Не соврала, вызвала.
- Так и подожди в теплой квартире.
«Не могу, - захотелось кричать Янине, не могу, мне надо… надо!» Вслух лишь пролепетала:
- Оно уже здесь, у подъезда.
И, не дожидаясь новых реплик и не успев как следует застегнуть шубу, выскочила за дверь.
Теперь на кружащий и вихрящийся снег она смотрела из окна машины.
Мелко тряслось заднее сиденье – кожаное и теплое, обиженно таяли налипшие на локоны кристаллики льда; не смотрел в зеркало водитель. Ему, работающему в новогодний вечер, и оттого хмурому, было все равно куда ехать – он молча принял бумажку с адресом, молча кивнул.
И поплыл за окнами одинокого желтого такси погрязший во вьюге город.
Над домами клубились низкие серые облака – такие плотные и вязкие, что редкие просветы между ними, высвечивающие синюшную черноту, сами казались темными заплатками, спешащими по пепельным просторам. Не белое на темном, а темное на белом.
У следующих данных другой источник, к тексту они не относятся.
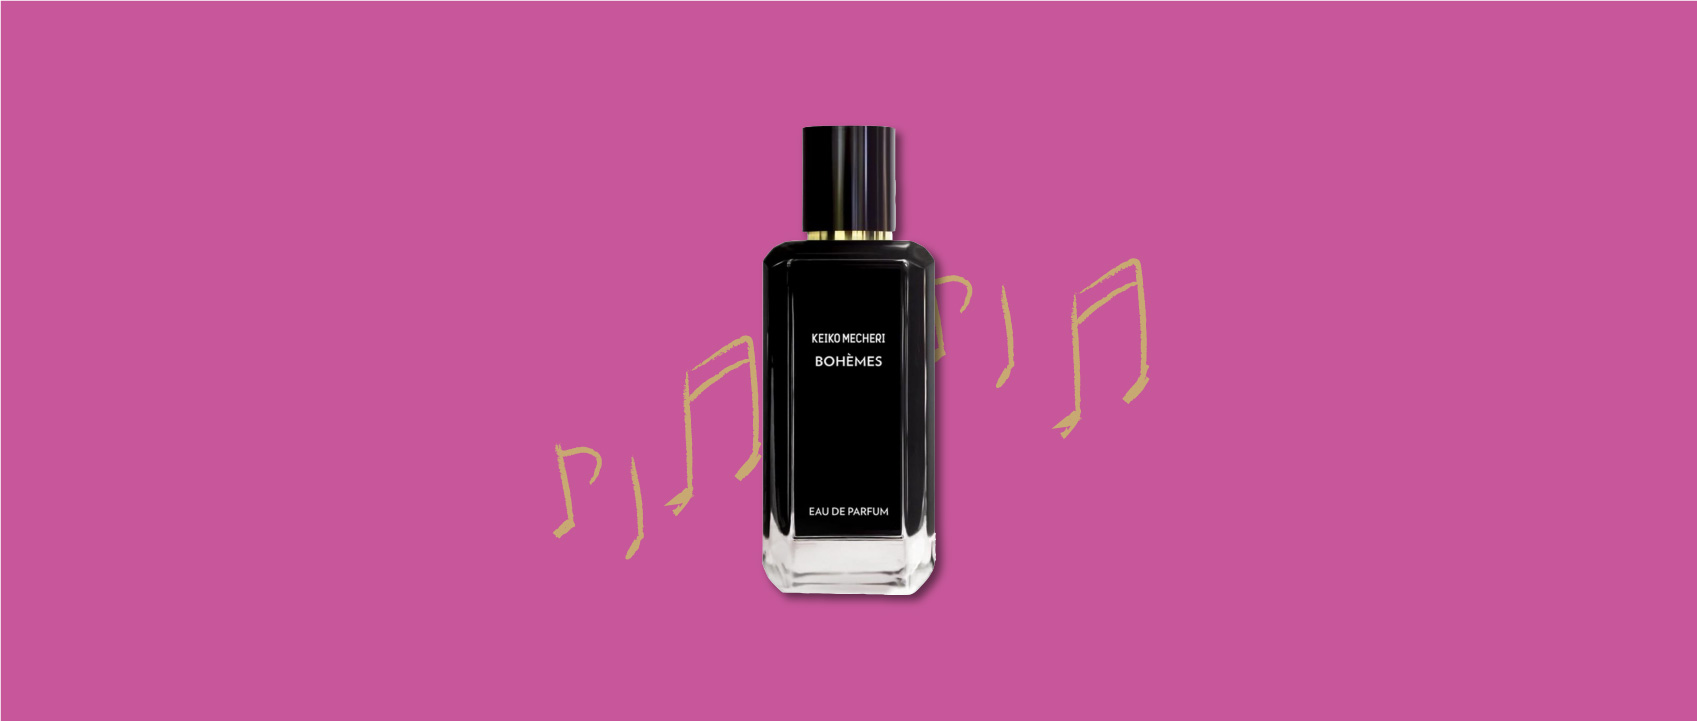 bottle of bohémes perfume by keiko mecheri
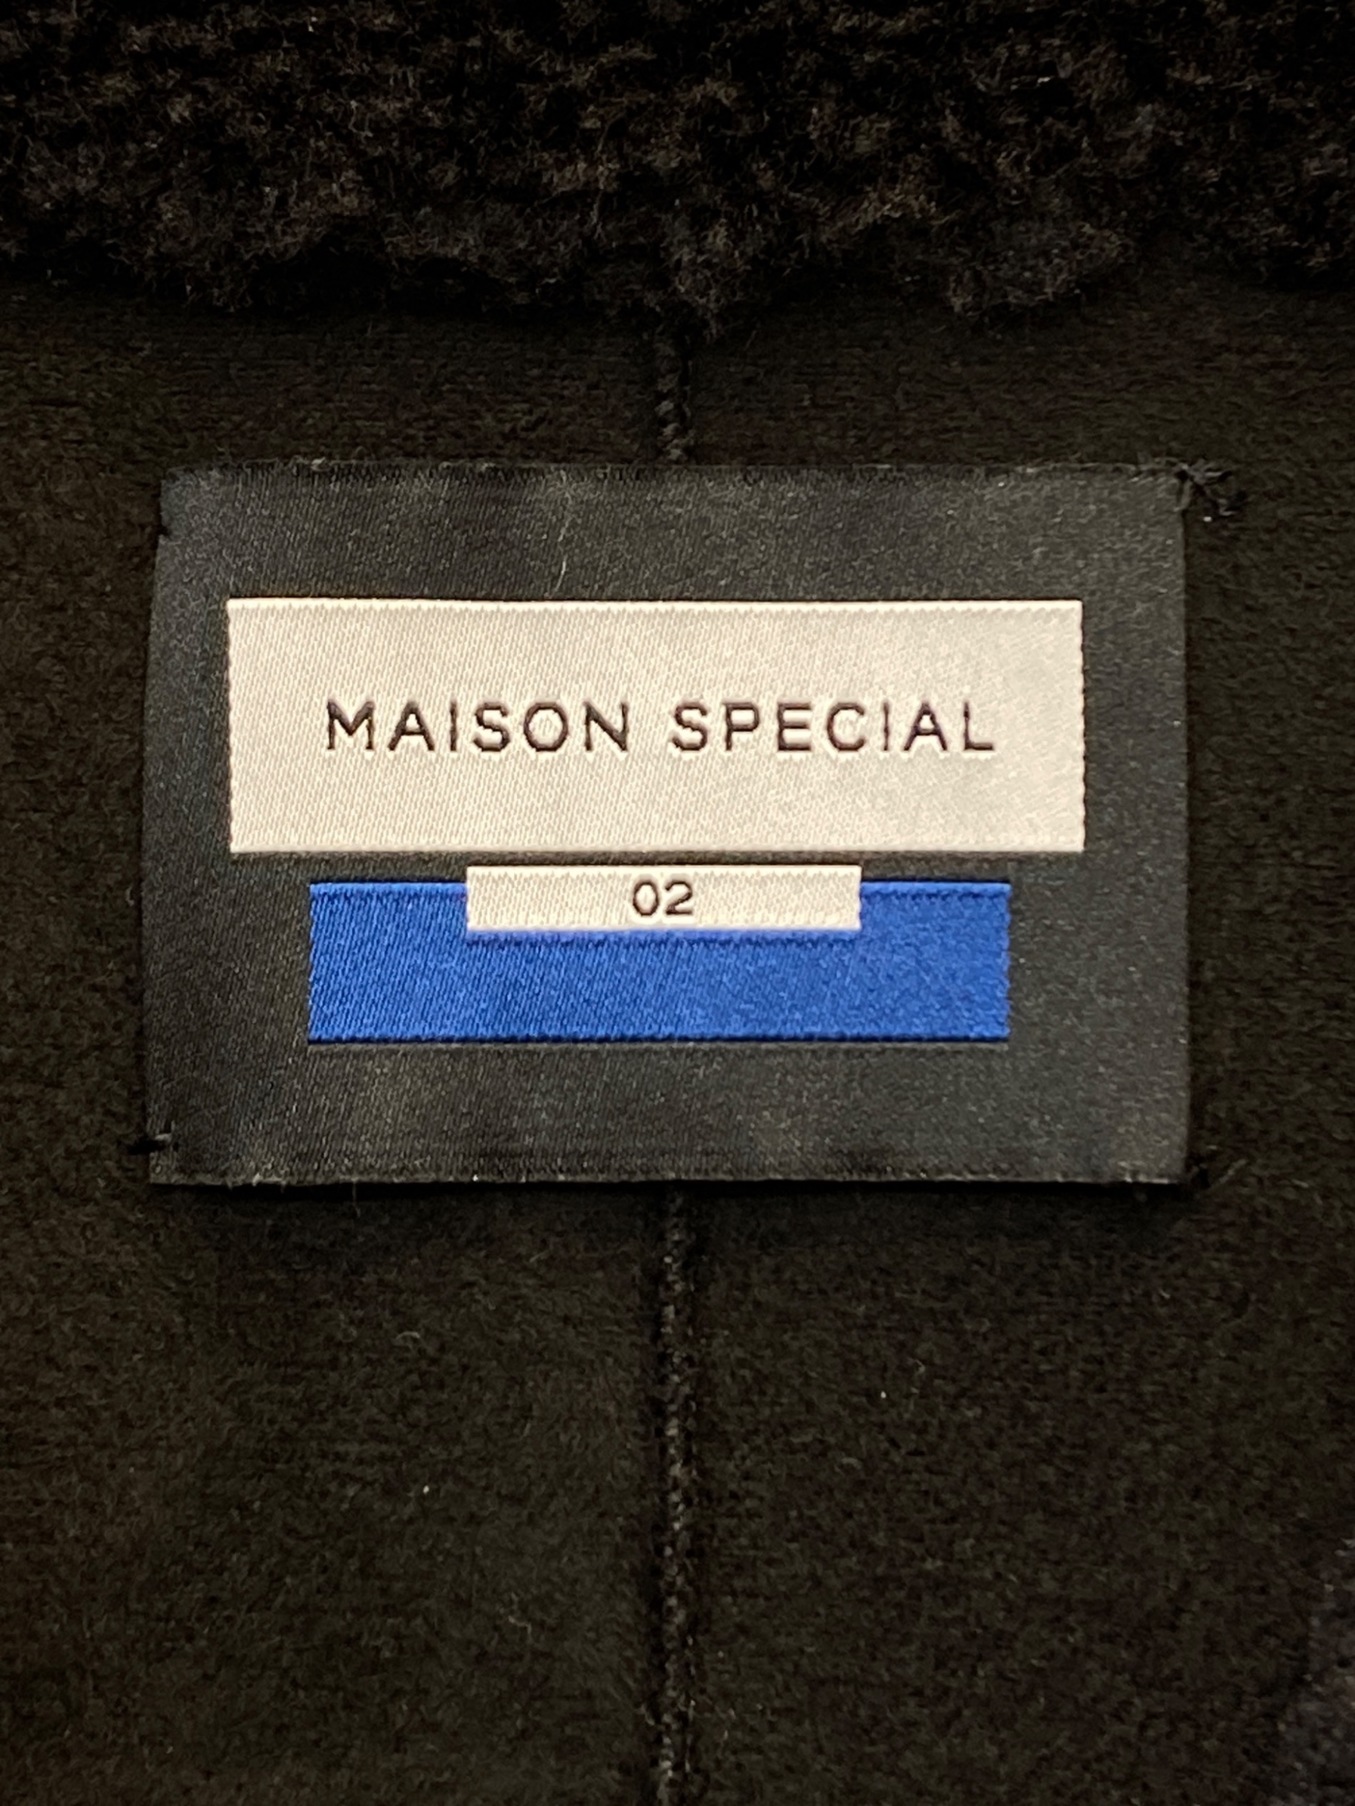 MAISON SPECIAL (メゾンスペシャル) シャイニーボアプライムオーバーダブルコート ブラック サイズ:02

Янина почти любовалась. Почти. Нет, она бы любовалась, если бы думала об облаках, но думала она в эту минуту совсем о другом – о пачке денег, завернутой в белую бумагу.
Пять тысяч.
На них можно было бы припеваючи жить месяца три или четыре, а то и полгода – это, если припевать поменьше и не так часто. Или можно было бы купить что-нибудь полезное (красивое?). Или смотаться в отпуск – недолгий, но насыщенный. Или же просто положить всю сумму на счет и долгими холодными ночами, глядя широко распахнутыми от бессонницы глазами в потолок, вспоминать, что она у тебя есть.
Деньги. Мало ли какое им всегда можно сыскать применение? Но нет же, Янина упертая, Янина решила снести их именно туда – в здание под номером двадцать пять, что по улице Раттингтон – в офис службы «Вторая половина».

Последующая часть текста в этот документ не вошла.